Machine and deep learning are certainly engineering masterpieces. While it may simplify processes, the complexity of the countless amounts of linear algebra via dimensional analysis (determining eigenvalues, matrix transformations, orthogonality in inner product spaces, etc.) and code encapsulation (in terms of organization) should not be taken lightly. In fact, the most harmful threat that machine learning and deep learning pose is that many scientists do not know about and what goes into these complex processes, and therefore, how something like deep learning functions. It is important to realize the interconnectedness of disciplines and the reliance of them on each other. Machine learning is capable of aiding diagnosis, targeting medicine, developing drugs, determining valuable candidates for clinical trials, and even making an educated guess of when and where an epidemic will occur. It is easy to see how technology can answer many of the medical field’s challenges. In fact, because of the value that machine and deep learning pose on modern medicine, many medical PhD programs involve computer science courses. If engineers and doctors work together, our capabilities would be endless.

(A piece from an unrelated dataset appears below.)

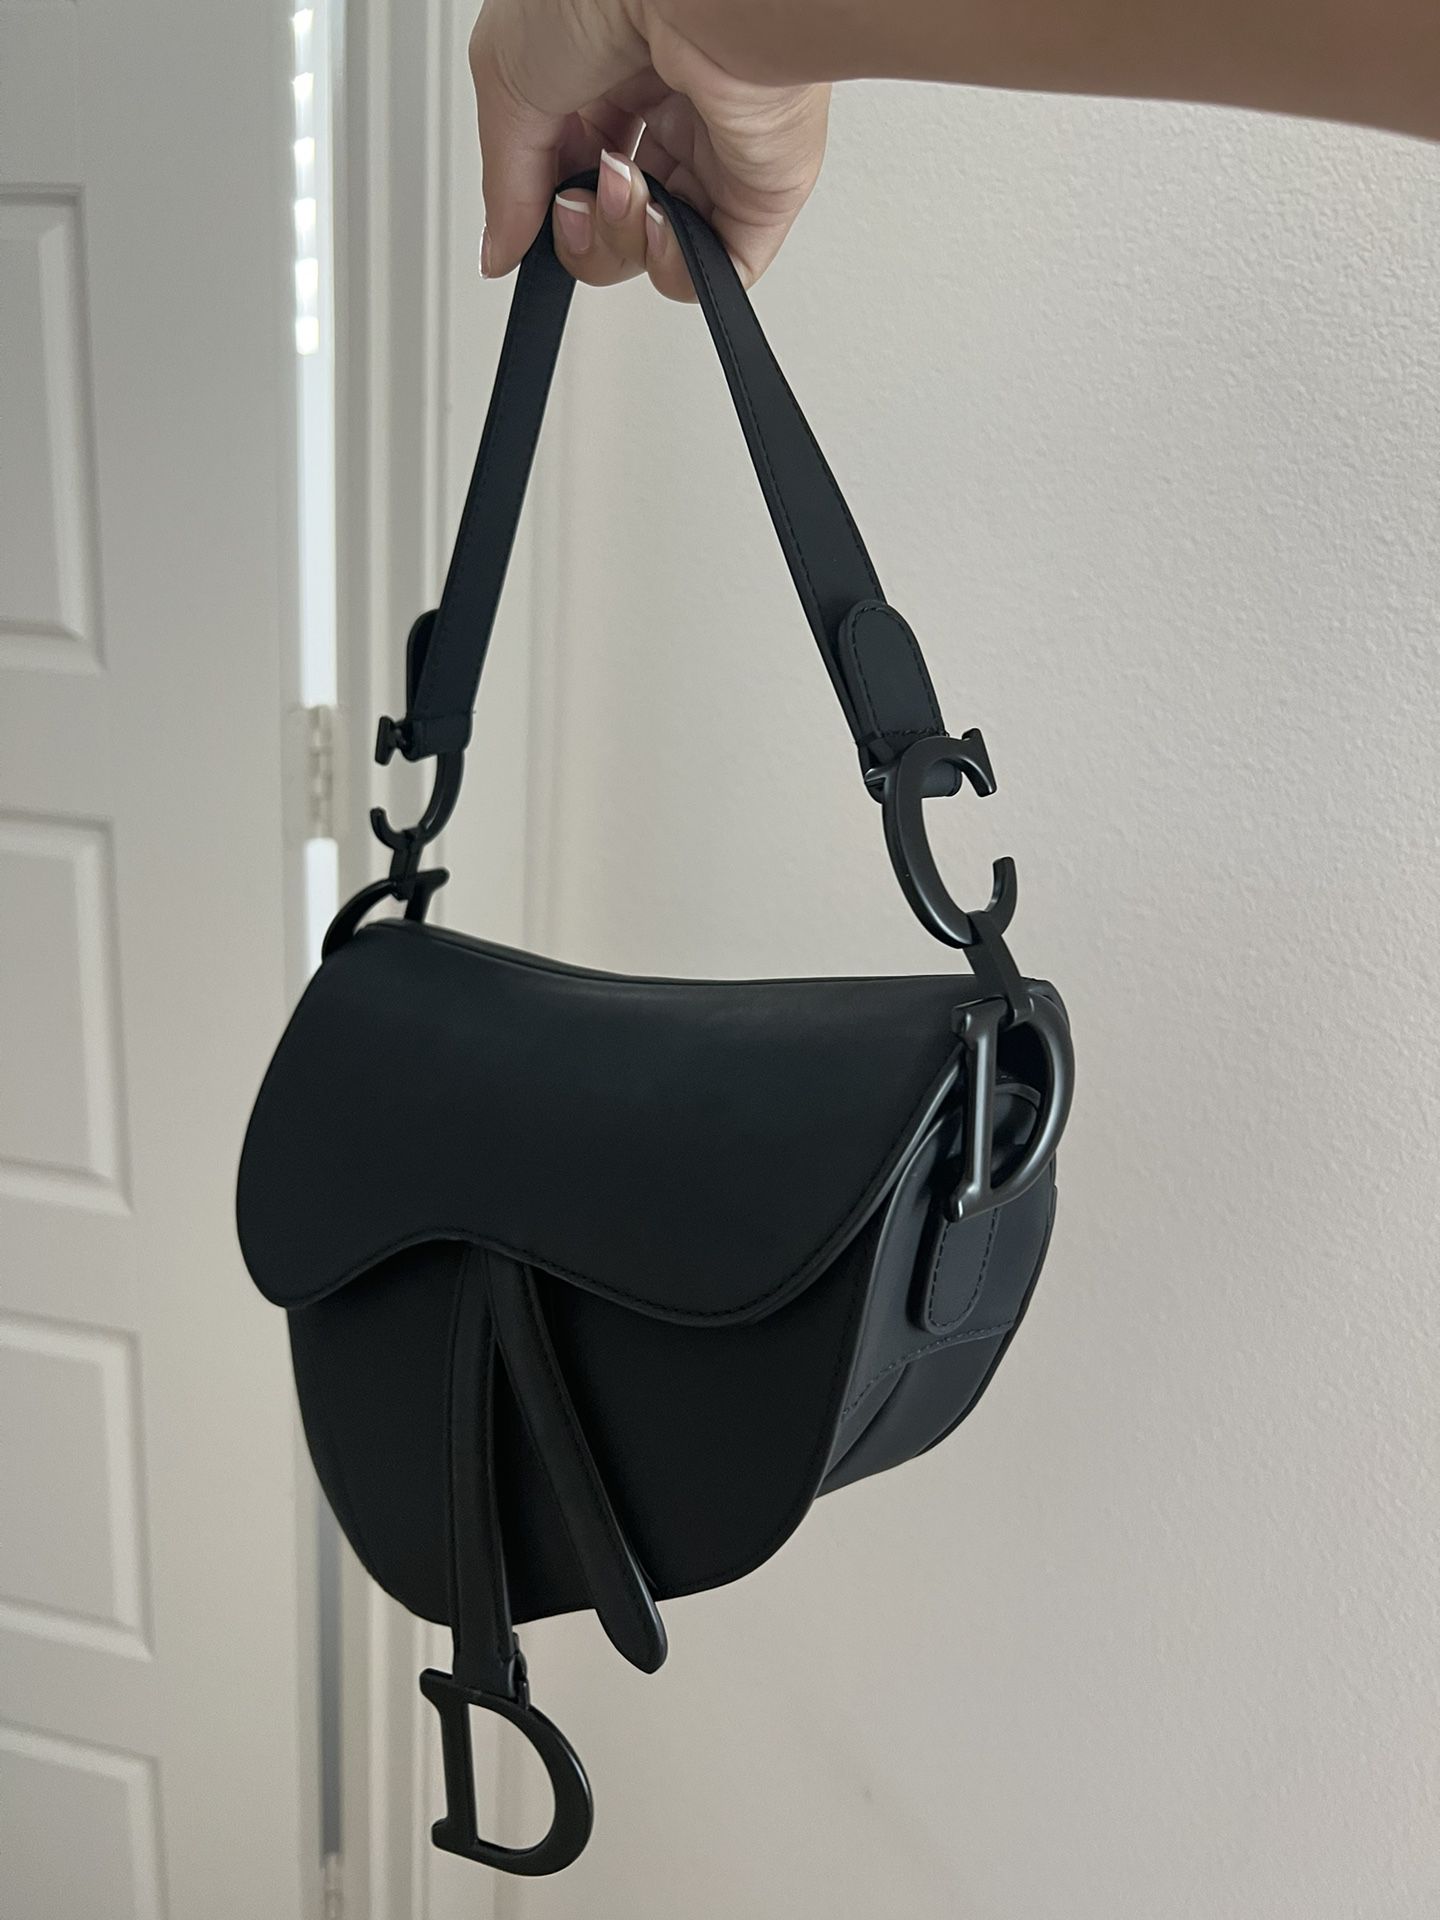 Dior Side Bag for Sale in Carson, CA - OfferUp

At this point, one may start to realize the common fear of technology replacing us altogether. If technology reaches such a point of advancement that it can fulfill many of the capacities of doctors and others in the medical field, it is logical to think that people would become obsolete. Nevertheless, the “robot apocalypse” has always been an irrational fear because technology is only as smart as its human counterpart that creates and uses them. It is only meant to be used as a tool, similar to how a calculator can never replace an accountant. While deep learning may imitate the brain and may be able to use inductive and deductive reason, technology lacks common sense; while it may be able to piece certain pieces of information together, it will never be able to piece other sets like a human can. Perhaps the most valuable piece of evidence is exactly what my high school teacher told me. “Humans are never satisfied.” At the end of each goal, we always strive to solve another. Technology is no exception to this. Once we are able to develop and apply technology to certain aspects of our life, we will always strive to solve other issues, which can involve the development of current or new technologies. What this means is that people will always have a place in society because there are always issues in each era that people will want to solve. Technology is fortunate enough to bear such job fertility due to the fact that like an essay, it needs constant revision.